Getting Hotter: The Expected Market Time for sellers is dropping like a rock as demand expands.
In mid-April, the Expected Market Time (the amount of time from hammering in the FOR-SALE sign to opening escrow) was at 121 days, a slight Buyer’s Market (between 120 and 150 days). Since then, it has dropped by 39% and now the Expected Market Time sits at 74 days, a slight Seller’s Market (between 60 and 90 days), totally unexpected. On average, in the past five years, it has increased by 8 days in the same time period. Last year, the Expected Market Time was at 85 days, slower than today.
There are several factors that have led to the quick recovery in housing. First, housing is coming from a position of strength. Since the Great Recession, credit qualification has been extremely tight. Buyers had to go through a rigorous process of proving that they could afford the monthly payment. Homeowners are sitting on a mountain of nested equity as a result of healthy down payments and steady home value appreciation from 2012 through the start of 2020. And, homeowners did not use their homes as piggy banks like they did prior to the Great Recession when they tapped into their equity to pay for everything from lavish European vacations to erasing ballooning credit card debt from rampant, non-essential spending.

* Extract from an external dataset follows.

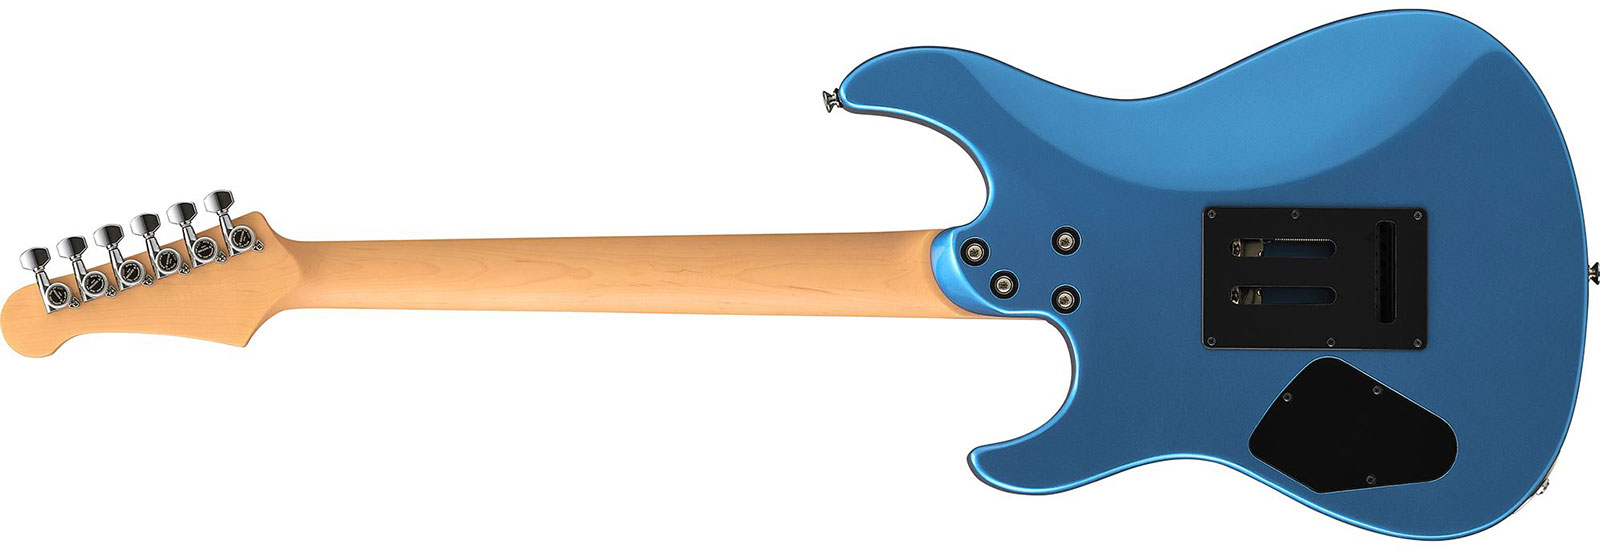 Yamaha Pacifica Standard Plus Pacs+12 Trem Hss Rw - Sparkle Blue - Guitarra eléctrica con forma de str. - Variation 1

Orange County Housing Market Summary:
- The active listing inventory increased by 177 homes in the past two-weeks, up 4%, and now totals 5,044. In the past four-weeks, 33% fewer homes were placed on the market compared to the prior 5-year average; thus, COVID-19 is suppressing the inventory. It was 54% fewer four-weeks ago. Last year, there were 7,479 homes on the market, 2,435 more than today, a 48% difference.
- Demand, the number of pending sales over the prior month, increased by 413 pending sales in the past two-weeks, up 25%, and now totals 2,035. It has grown by 74% in only 4 weeks. COVID-19’s effect on housing is rapidly diminishing. Last year, there were 2,646 pending sales, 23% more than today.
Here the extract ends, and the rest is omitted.